((

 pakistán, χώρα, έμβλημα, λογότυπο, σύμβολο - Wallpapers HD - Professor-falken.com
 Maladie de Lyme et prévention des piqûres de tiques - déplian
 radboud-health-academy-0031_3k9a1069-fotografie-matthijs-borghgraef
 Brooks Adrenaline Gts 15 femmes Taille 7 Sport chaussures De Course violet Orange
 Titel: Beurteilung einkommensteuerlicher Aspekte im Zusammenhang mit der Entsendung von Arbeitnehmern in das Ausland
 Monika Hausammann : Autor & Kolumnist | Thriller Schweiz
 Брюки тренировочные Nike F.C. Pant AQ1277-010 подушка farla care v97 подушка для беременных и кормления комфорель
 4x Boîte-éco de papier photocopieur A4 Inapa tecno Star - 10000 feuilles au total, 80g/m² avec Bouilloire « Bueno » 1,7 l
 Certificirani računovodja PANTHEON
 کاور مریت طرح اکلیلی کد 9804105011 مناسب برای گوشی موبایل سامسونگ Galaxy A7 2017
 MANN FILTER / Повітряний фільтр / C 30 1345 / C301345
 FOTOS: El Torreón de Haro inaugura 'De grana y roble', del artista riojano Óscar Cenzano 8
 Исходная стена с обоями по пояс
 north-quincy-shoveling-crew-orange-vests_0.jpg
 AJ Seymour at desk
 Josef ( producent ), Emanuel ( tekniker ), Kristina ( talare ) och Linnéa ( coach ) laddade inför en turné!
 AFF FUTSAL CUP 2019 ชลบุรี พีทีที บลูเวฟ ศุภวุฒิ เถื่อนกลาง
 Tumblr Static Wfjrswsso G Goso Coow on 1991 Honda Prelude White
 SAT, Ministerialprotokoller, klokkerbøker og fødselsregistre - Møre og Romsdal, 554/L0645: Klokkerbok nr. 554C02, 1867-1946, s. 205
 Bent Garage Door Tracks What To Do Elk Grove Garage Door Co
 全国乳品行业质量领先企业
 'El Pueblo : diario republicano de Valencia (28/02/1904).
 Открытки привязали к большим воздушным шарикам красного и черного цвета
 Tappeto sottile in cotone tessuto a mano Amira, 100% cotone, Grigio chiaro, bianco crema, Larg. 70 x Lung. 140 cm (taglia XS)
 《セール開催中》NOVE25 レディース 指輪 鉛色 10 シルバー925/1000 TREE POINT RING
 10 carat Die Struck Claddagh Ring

))

■ PROBLEM TO WORK ON ■
Which lines above run from the one containing "Брюки тренировочные Nike" to the one containing "Tappeto sottile in"? Give them again exactly, both ends included.

■ RESULT FOR THIS EXERCISE ■
 Брюки тренировочные Nike F.C. Pant AQ1277-010 подушка farla care v97 подушка для беременных и кормления комфорель
 4x Boîte-éco de papier photocopieur A4 Inapa tecno Star - 10000 feuilles au total, 80g/m² avec Bouilloire « Bueno » 1,7 l
 Certificirani računovodja PANTHEON
 کاور مریت طرح اکلیلی کد 9804105011 مناسب برای گوشی موبایل سامسونگ Galaxy A7 2017
 MANN FILTER / Повітряний фільтр / C 30 1345 / C301345
 FOTOS: El Torreón de Haro inaugura 'De grana y roble', del artista riojano Óscar Cenzano 8
 Исходная стена с обоями по пояс
 north-quincy-shoveling-crew-orange-vests_0.jpg
 AJ Seymour at desk
 Josef ( producent ), Emanuel ( tekniker ), Kristina ( talare ) och Linnéa ( coach ) laddade inför en turné!
 AFF FUTSAL CUP 2019 ชลบุรี พีทีที บลูเวฟ ศุภวุฒิ เถื่อนกลาง
 Tumblr Static Wfjrswsso G Goso Coow on 1991 Honda Prelude White
 SAT, Ministerialprotokoller, klokkerbøker og fødselsregistre - Møre og Romsdal, 554/L0645: Klokkerbok nr. 554C02, 1867-1946, s. 205
 Bent Garage Door Tracks What To Do Elk Grove Garage Door Co
 全国乳品行业质量领先企业
 'El Pueblo : diario republicano de Valencia (28/02/1904).
 Открытки привязали к большим воздушным шарикам красного и черного цвета
 Tappeto sottile in cotone tessuto a mano Amira, 100% cotone, Grigio chiaro, bianco crema, Larg. 70 x Lung. 140 cm (taglia XS)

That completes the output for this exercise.